- _What the task requires_
The answer consists only of the lines from the beginning of the listing below to the line holding "A screen on", inclusive, with every picture removed.
▬▬▬▬▬▬
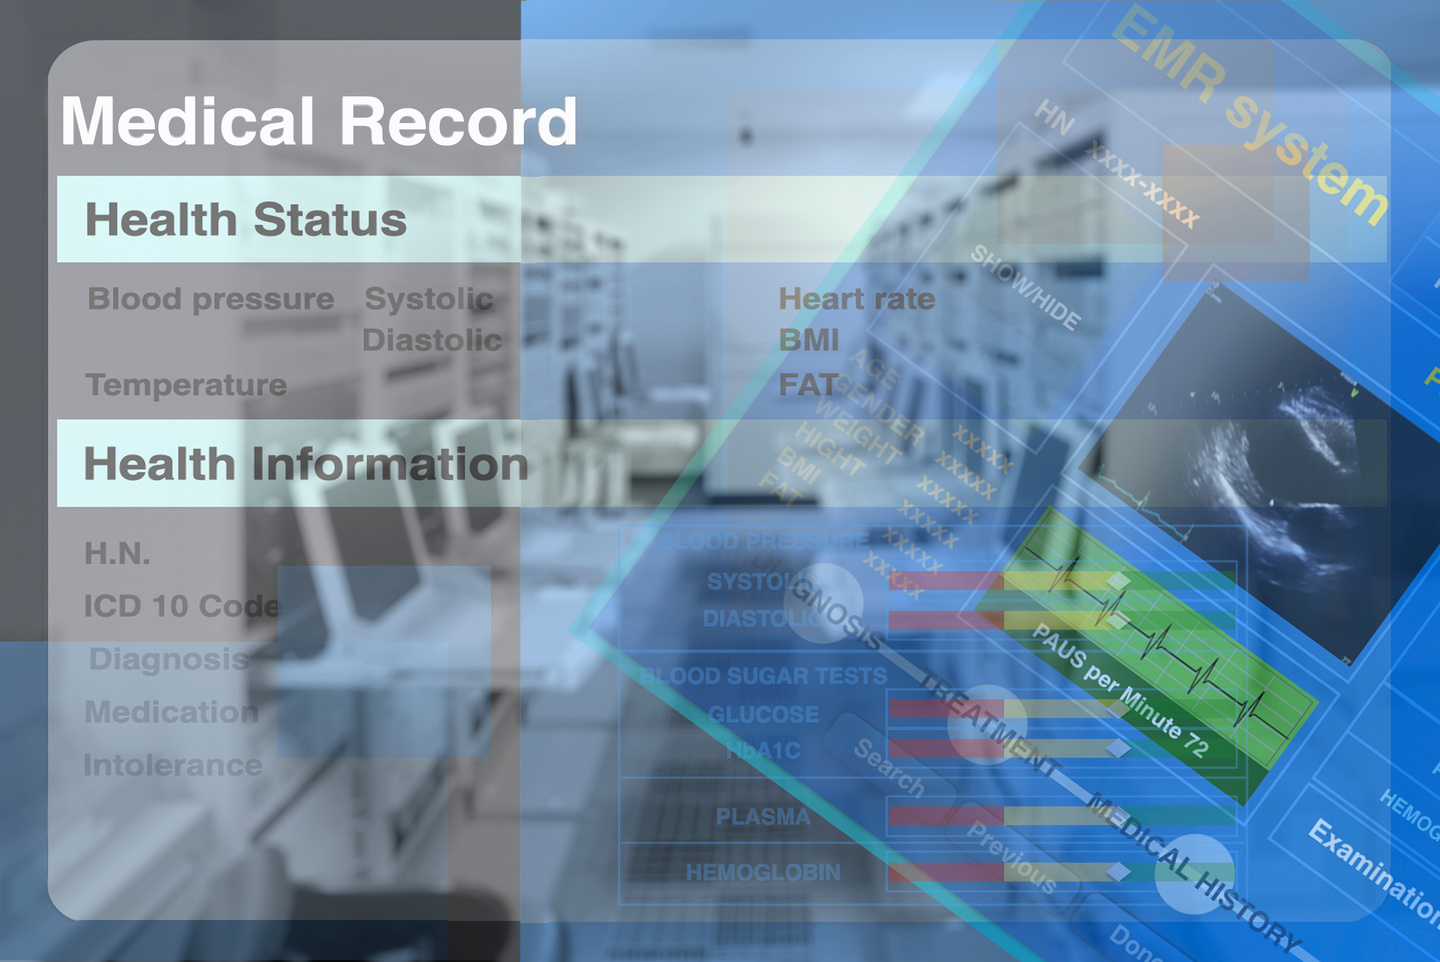 Background image of computer screen showing electronic medical records application with computer lab.
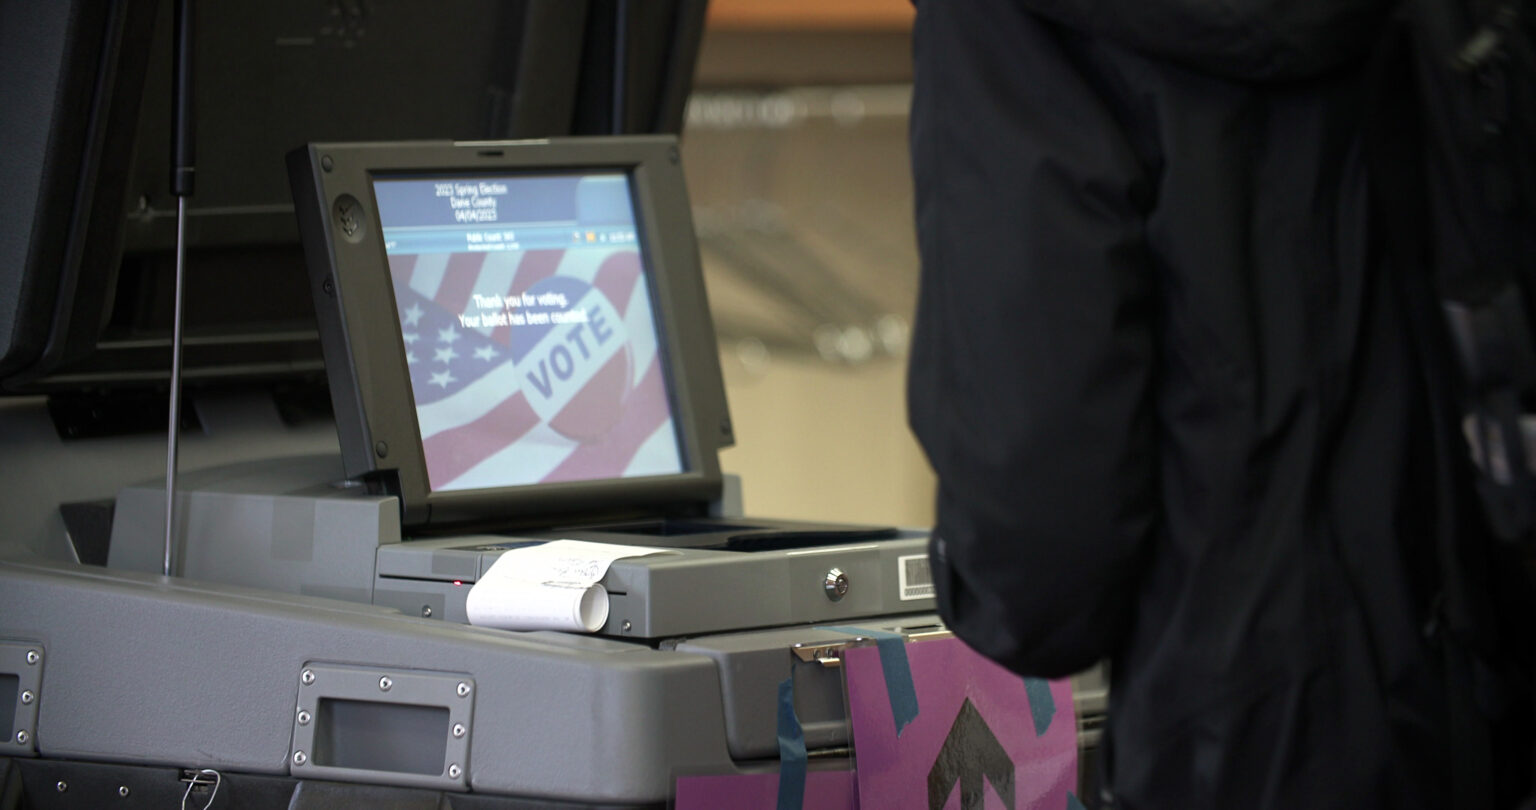 A screen on a ballot tabulator shows a graphic with a U.S. flag and a red-white-and-blue button with the word VOTE, with a piece of paper with an upward pointing arrow taped to its side as a blurry person standing in the foreground approaches the machine.
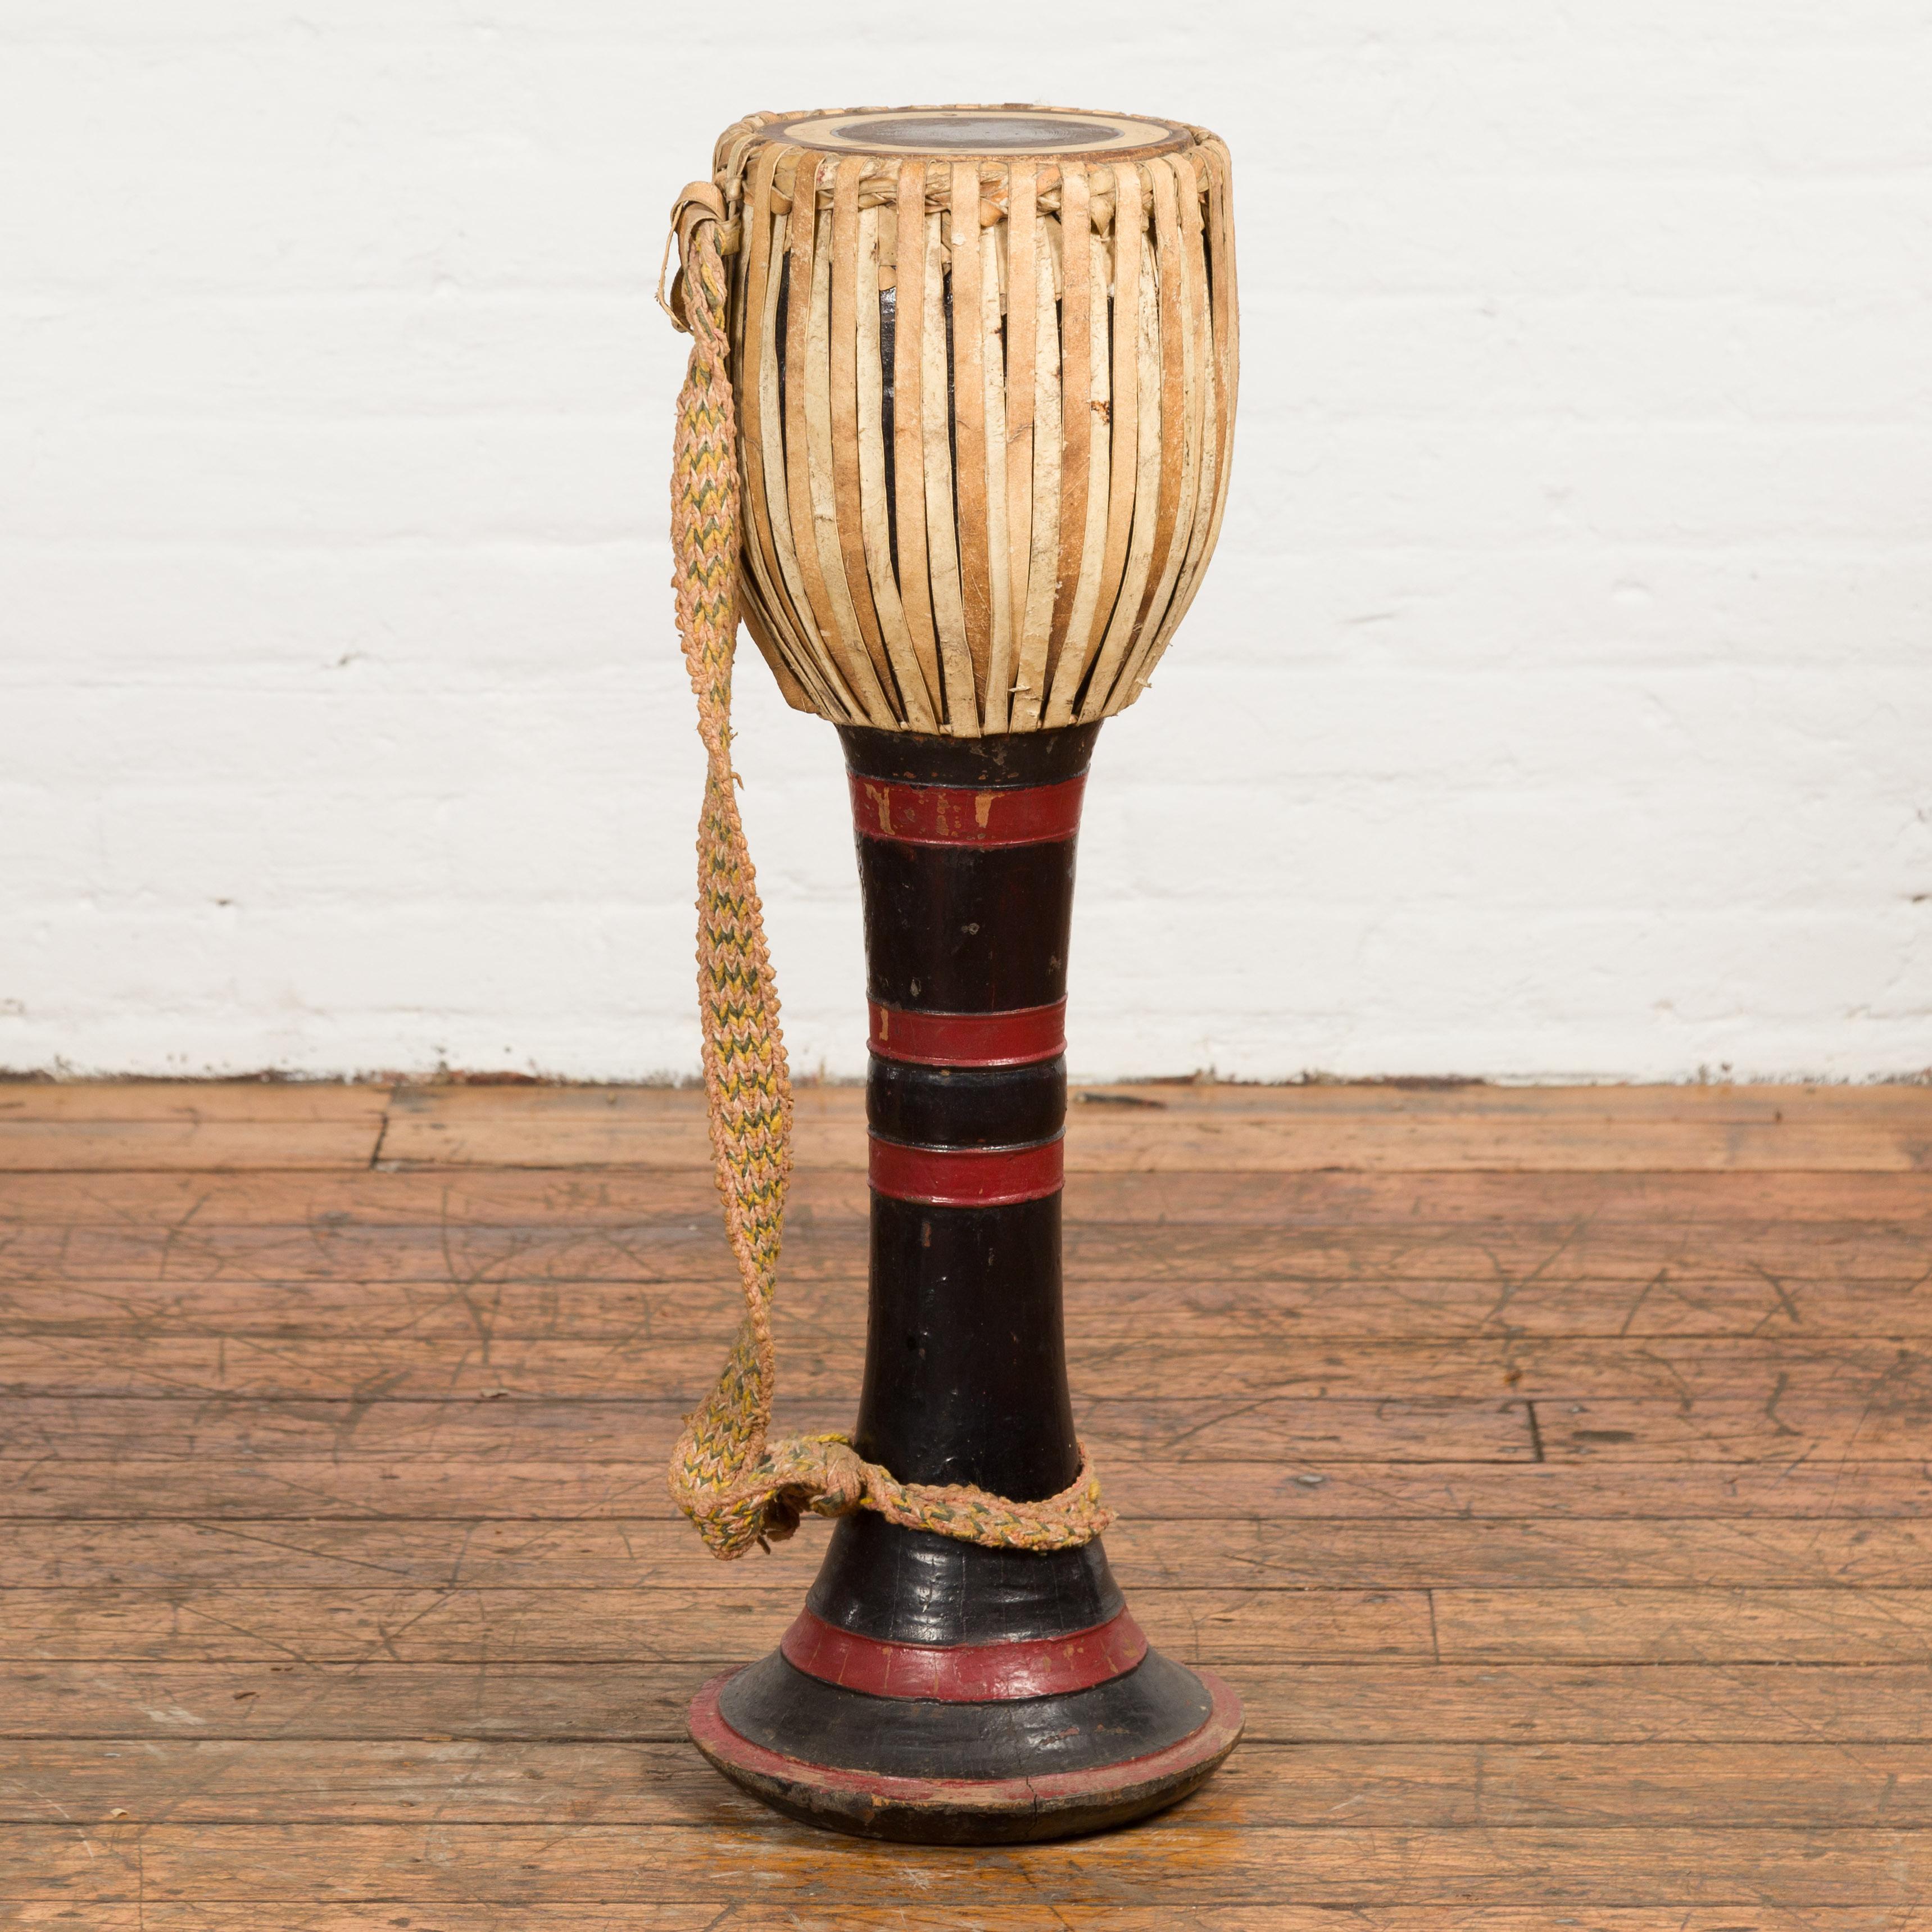 A Burmese tribal Ozi goblet shaped teak drum from the late 19th century, with red and black lacquer and calf skin top. Created in Burma during the later years of the 19th century, this tribal drum, called an Ozi drum, features a goblet shaped top
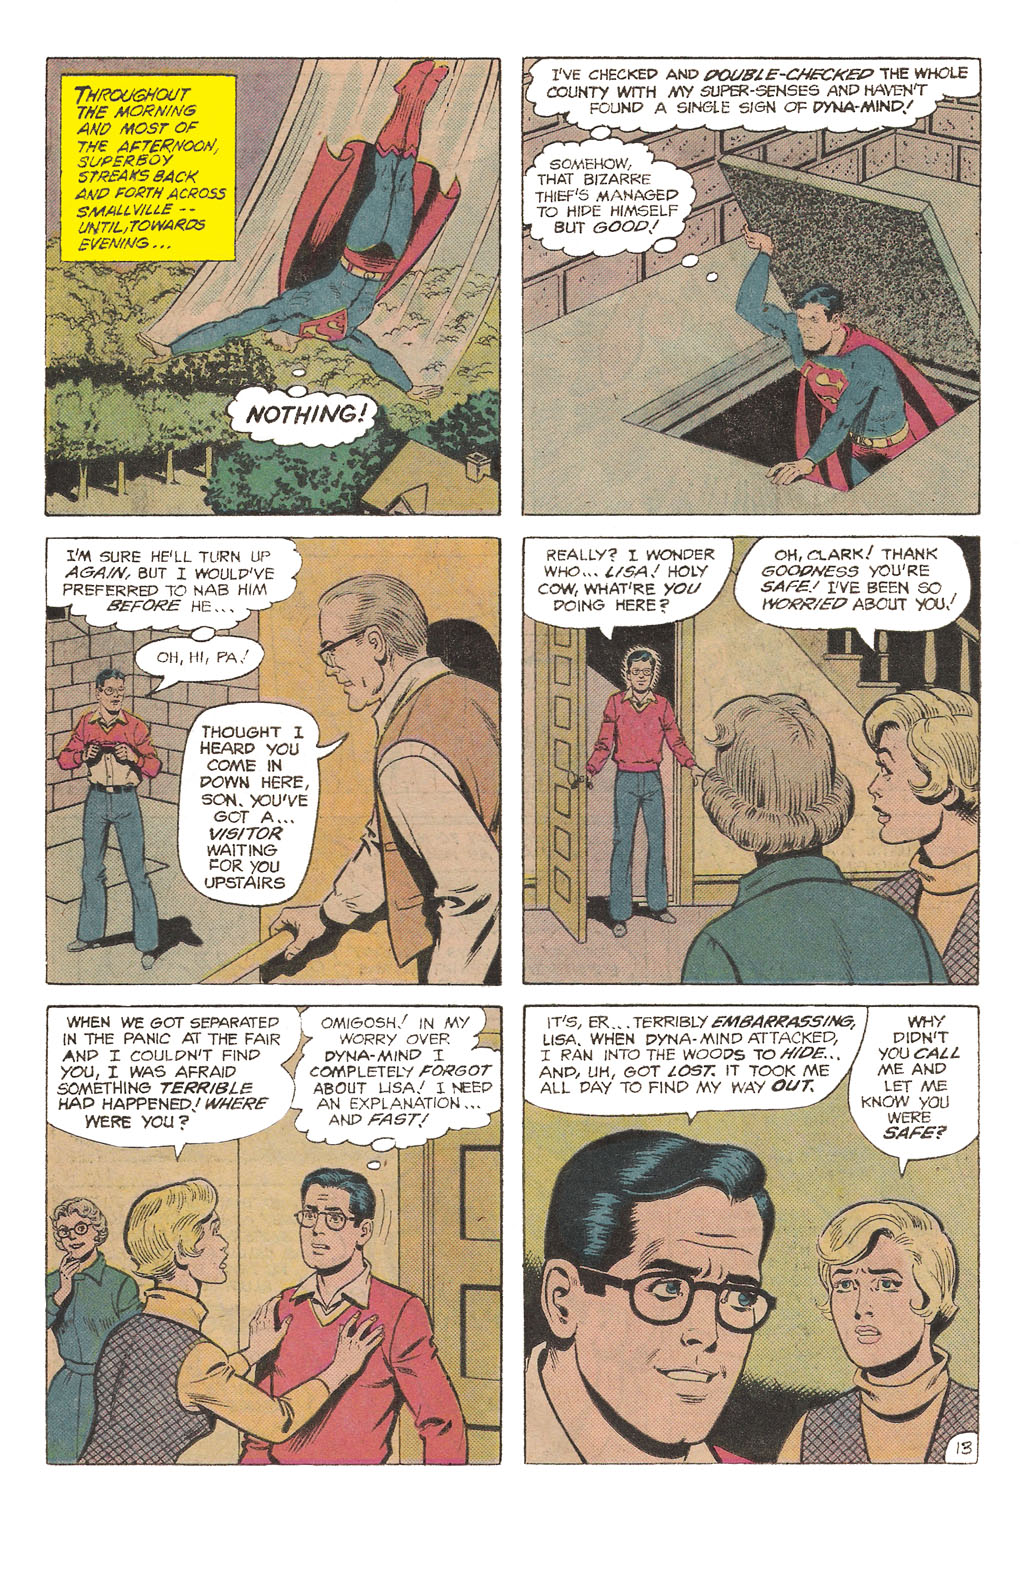 The New Adventures of Superboy 42 Page 13
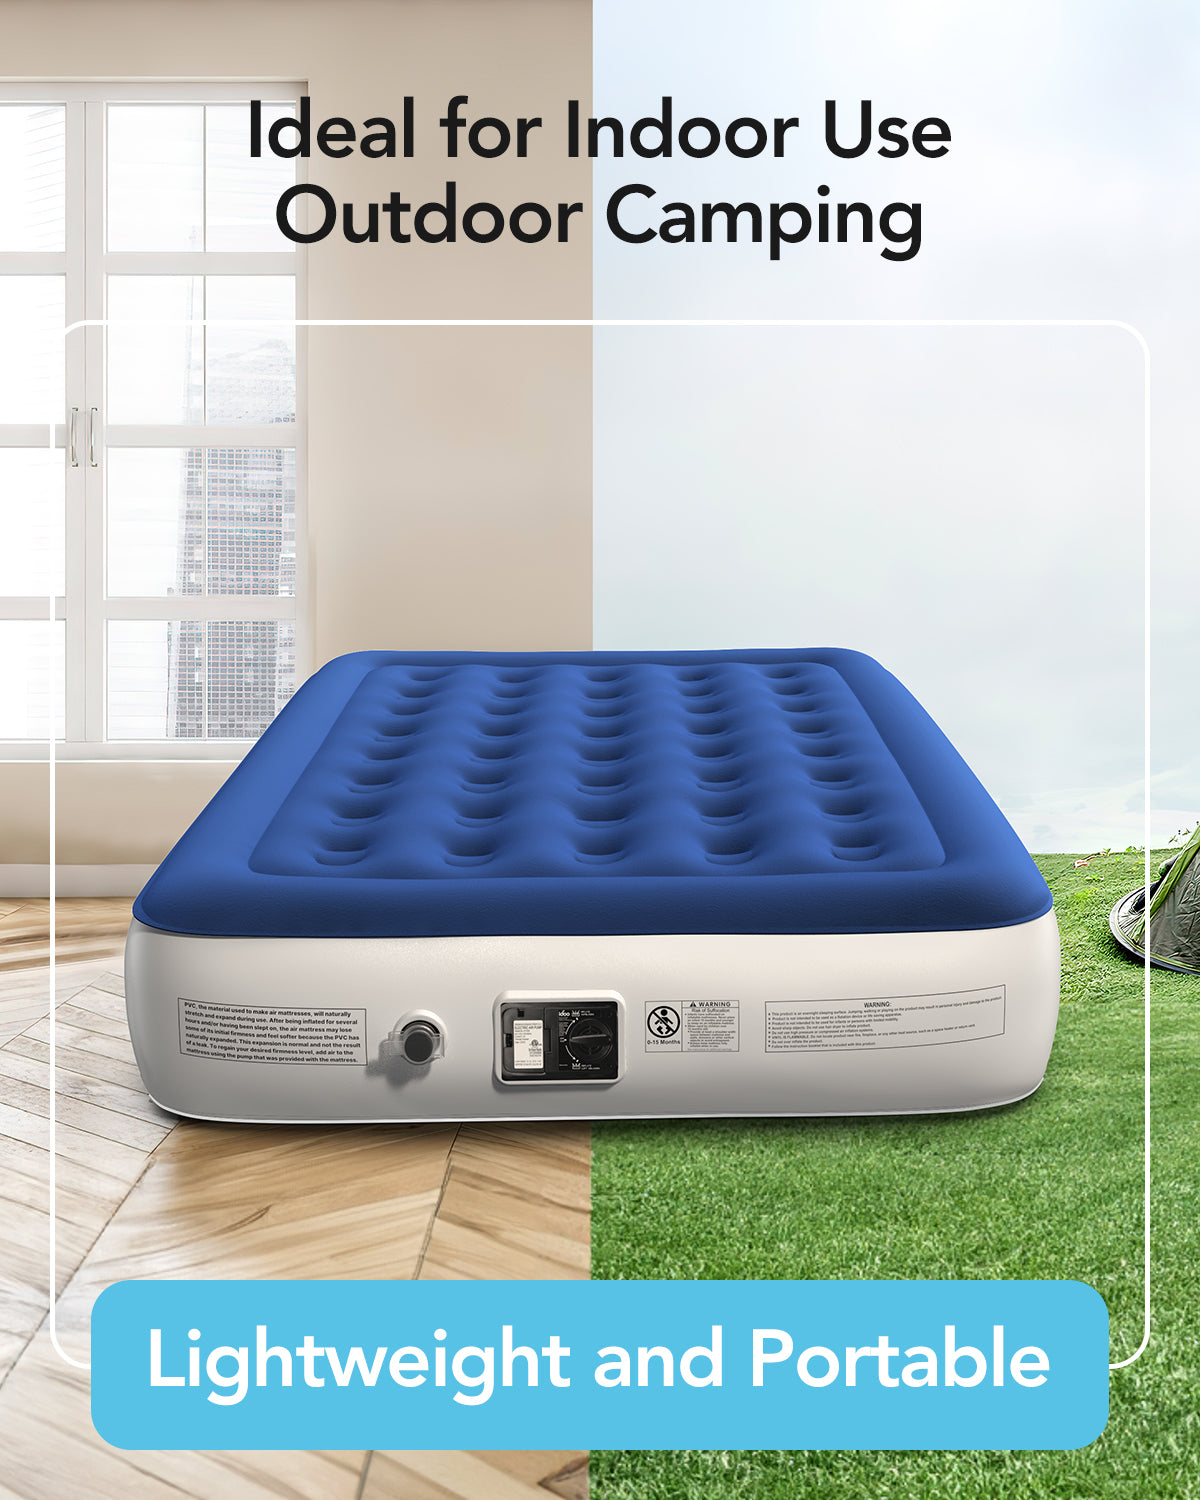 iDOO Queen Size Air Mattress, Inflatable Airbed with Built-in Pump - Air Bed by iDOO
▬▬▬▬▬▬
- _Result for this task_
 Background image of computer screen showing electronic medical records application with computer lab.
 A screen on a ballot tabulator shows a graphic with a U.S. flag and a red-white-and-blue button with the word VOTE, with a piece of paper with an upward pointing arrow taped to its side as a blurry person standing in the foreground approaches the machine.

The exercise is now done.